Muitos alegam que se trata de “racismo cordial”, bem diferente do que
existe nos EUA, por exemplo. Seria mesmo cordial ou, ao contrário, é
velado, camuflado, que quando flagrado se disfarça, alegando engano ou
má interpretação?
Na tal loja da Barra, o gerente de vendas viu o menino de 7 anos
assistindo a televisão enquanto os pais adotivos, brancos, escolhiam um
carro. Sem saber que pertenciam à mesma família, não teve dúvida. Na
certa era um moleque de rua que ia pedir dinheiro, incomodar os
clientes.
“Aqui não é o lugar para você, saia”, ordenou. Na nota em que tenta se
justificar, a empresa diz que não foi bem assim, que houve por parte do
casal “um mal-entendido”.
Porém, a mãe Priscilla garante que não, que foi um bem entendido gesto
de racismo: “Se fosse uma criança branca, ele mandaria sair da loja?”
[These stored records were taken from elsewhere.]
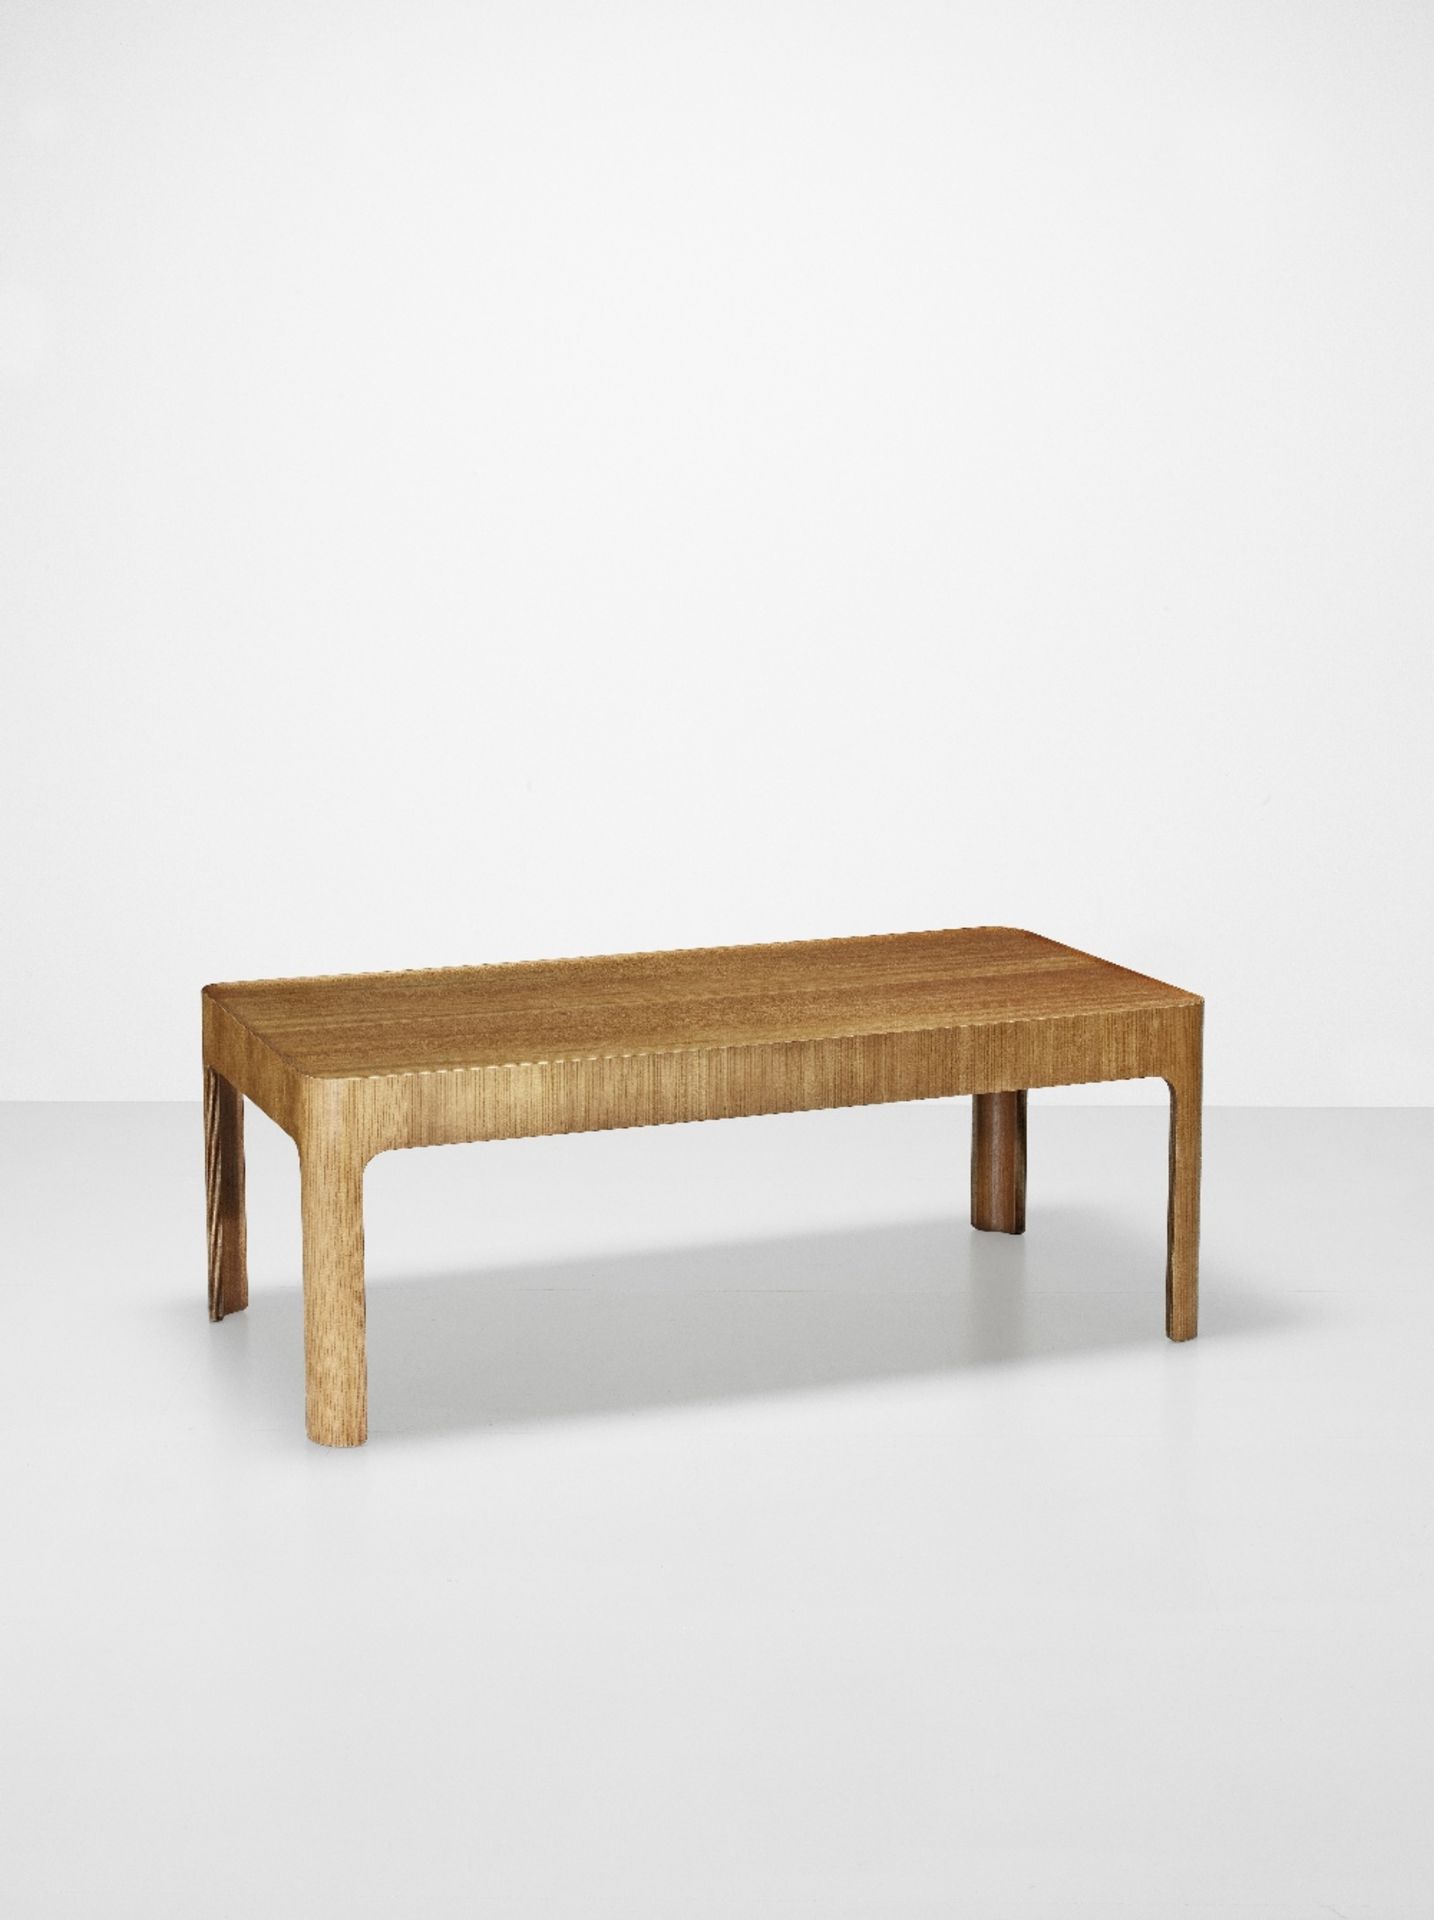 Isamu Kenmochi 'Haco' coffee table, model no. SM6002, designed for the National Kyoto Conference...
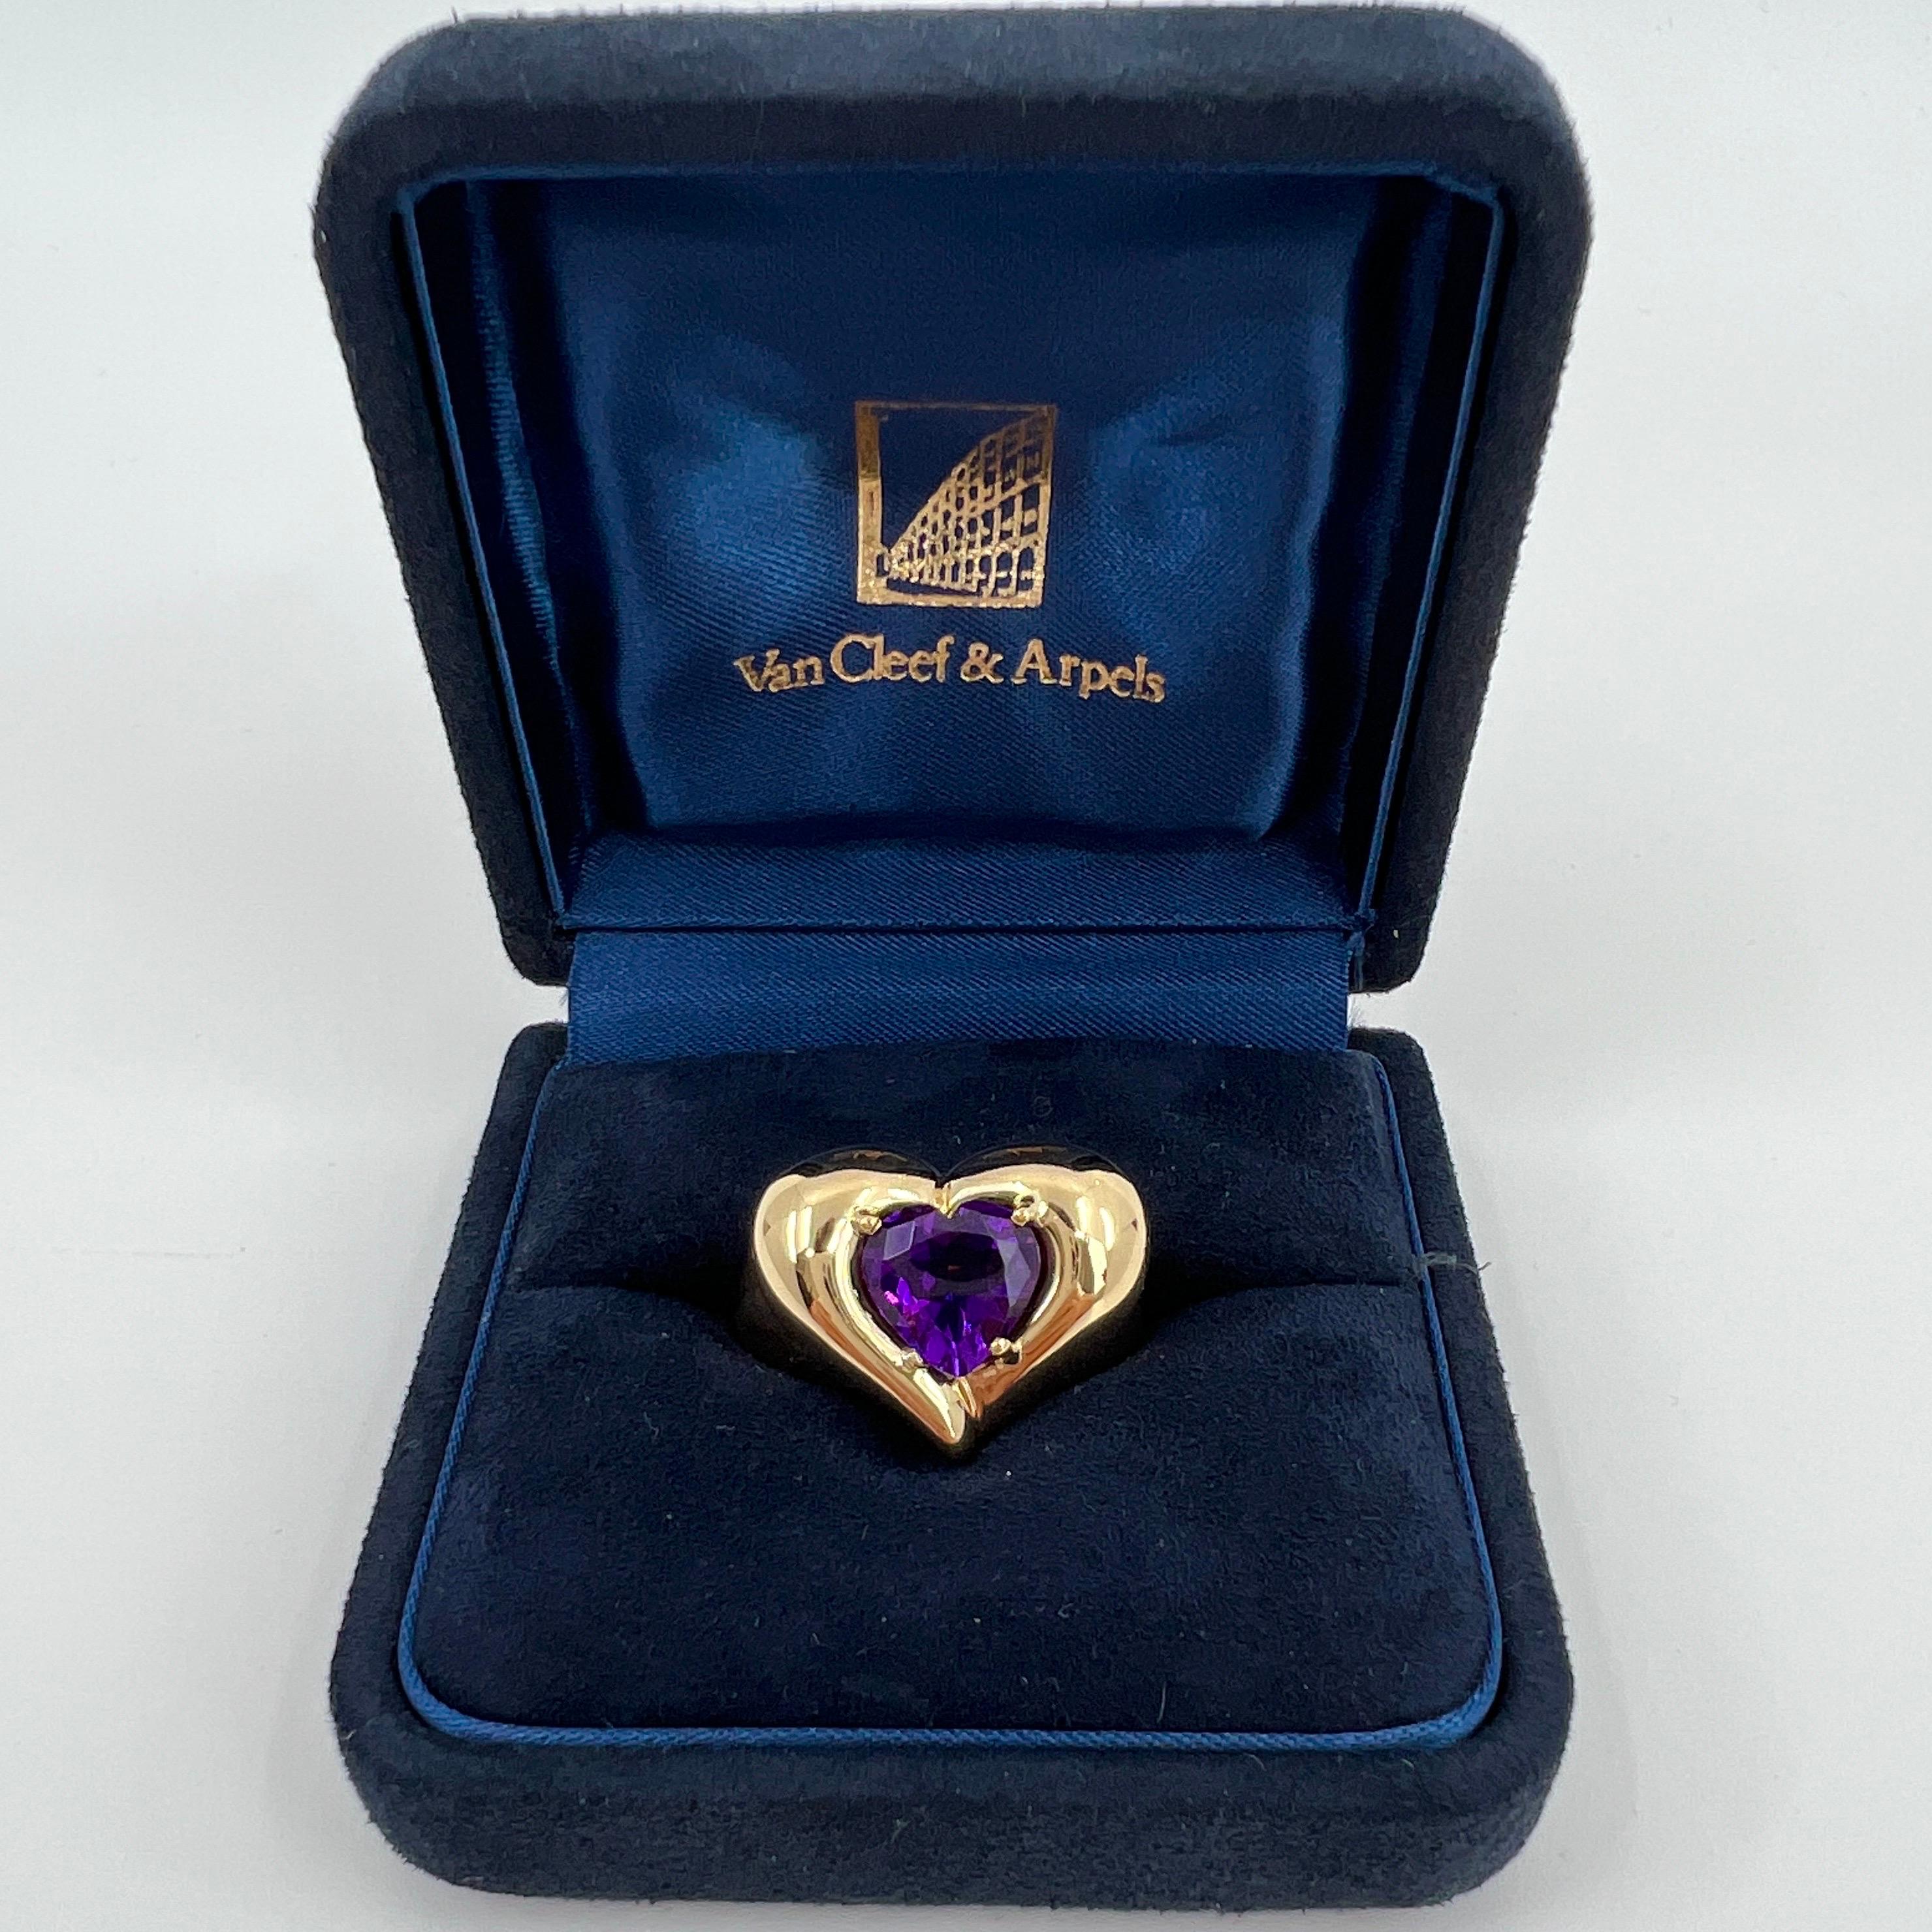 Rare Vintage Van Cleef & Arpels 18k Yellow Gold Amethyst Heart Ring.

A stunning vintage, well made ring with a beautiful heart cut amethyst set in the centre. Fine jewellery houses like Van Cleef & Arpels only use the finest natural gemstones in
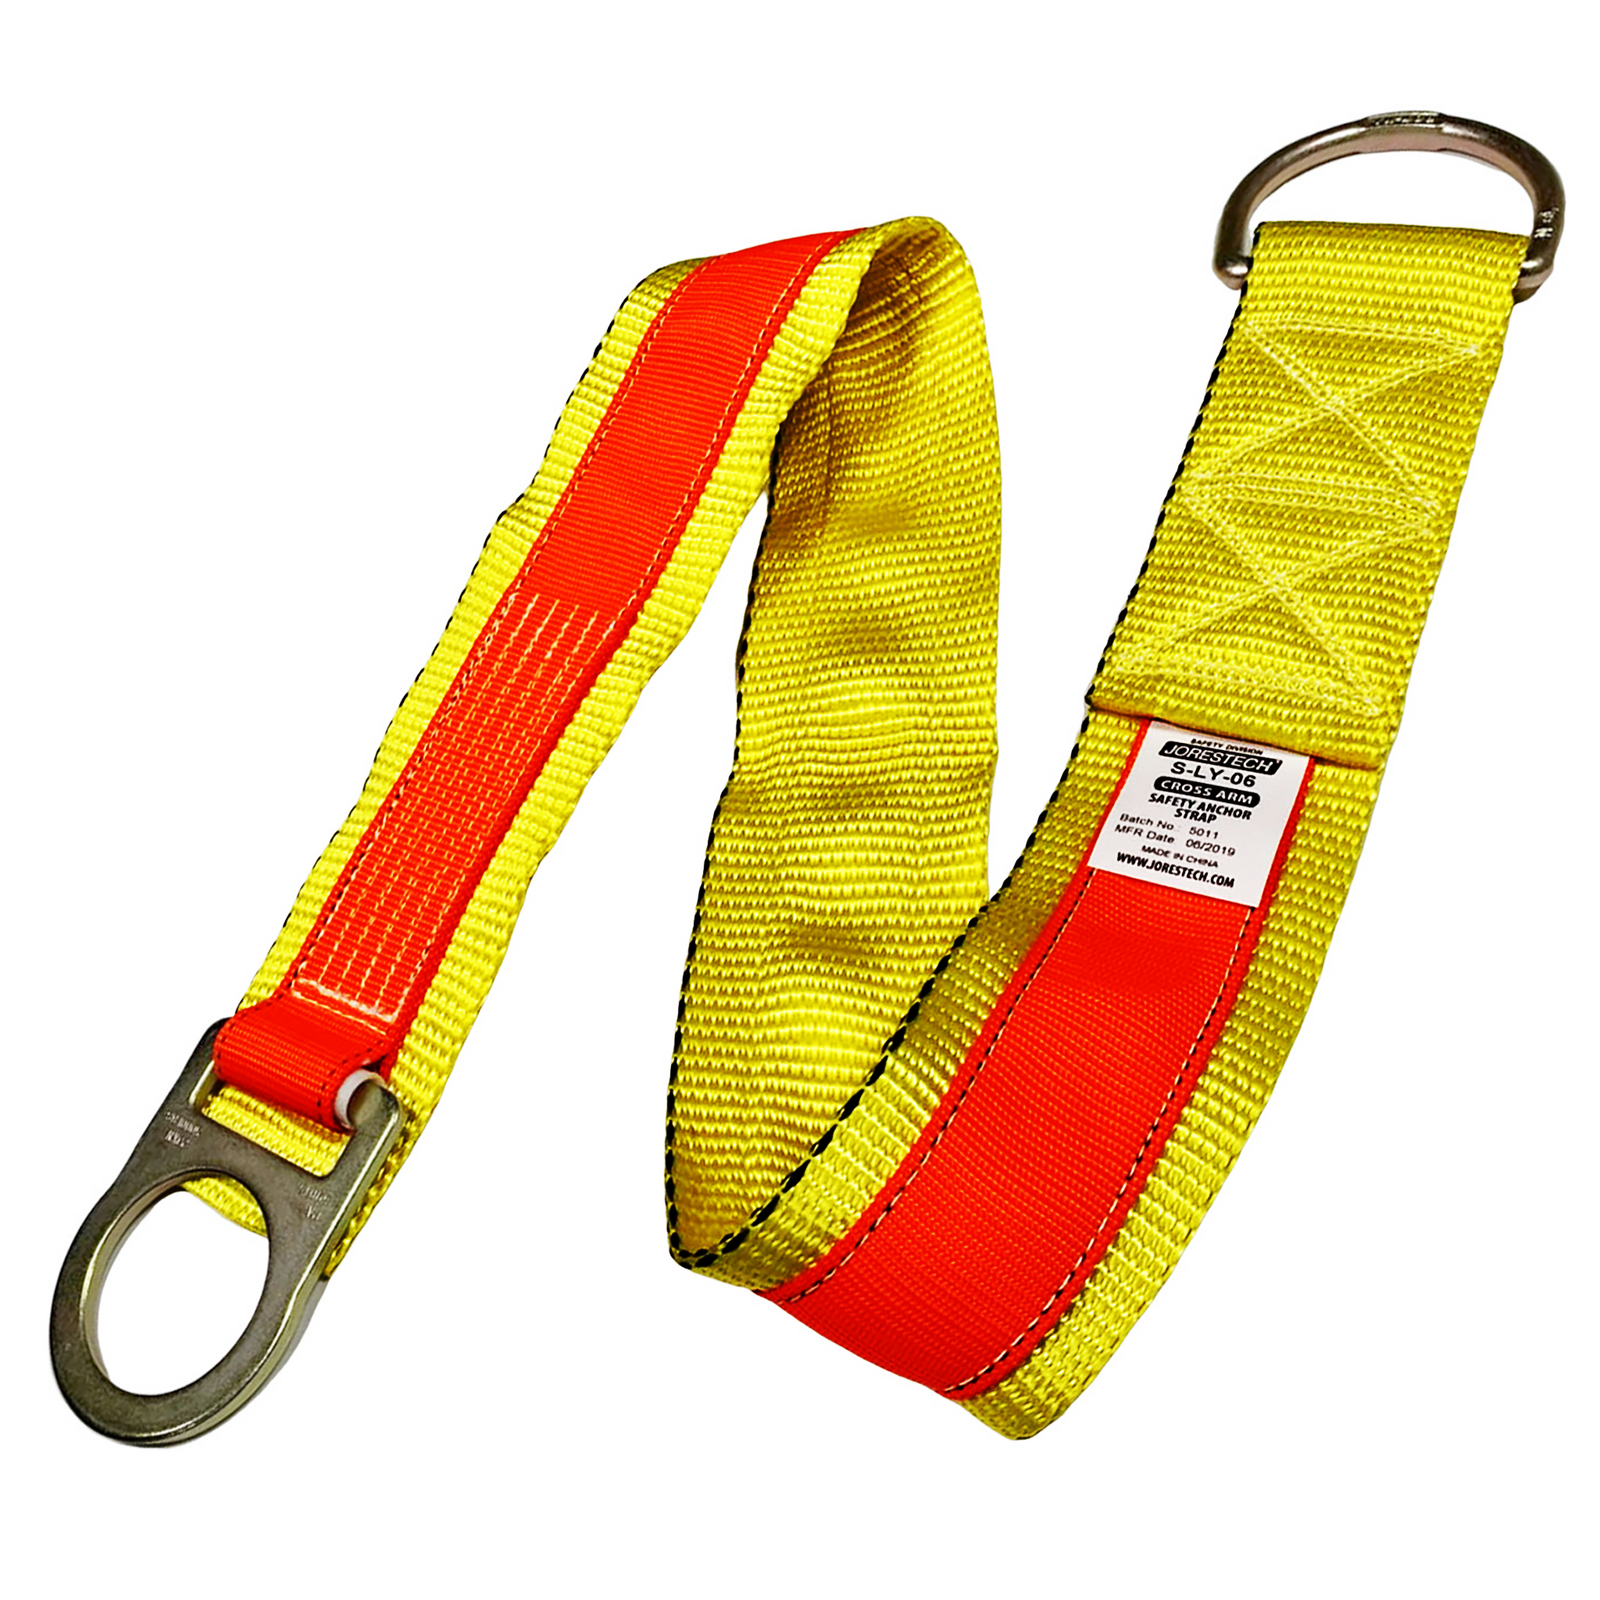 SL Anchor Strap with Steel D-Rings

No facebook, para onde o casal levou seu protesto e lançou a campanha
“Preconceito racial não é mal-entendido”, a reação foi imediata. Cerca
de 16 mil internautas se manifestaram com mensagens de apoio.
Tomara que a proporção seja essa: que para uma loja que pratica o racismo haja milhares de pessoas contra.
Porém, pior ainda do que essas atitudes explícitas, que pelo menos
despertam repulsa, é a situação social, econômica e cultural da
população não branca no país. Tratadas com naturalidade, as
desigualdades raciais no campo da saúde, da educação e do mercado de
trabalho são tão iníquas que em alguns casos parecem saídas da novela
“Lado a lado”, um retrato fiel e competente da luta contra a
intolerância racial e religiosa após a abolição da escravatura e no
começo da República.
Apenas um exemplo: o risco de morte por doenças infecciosas é hoje 43%
maior entre as crianças negras com menos de um ano de idade do que entre
as brancas. Isso equivale a expulsar da cidadania, senão da vida, toda
uma geração de negros.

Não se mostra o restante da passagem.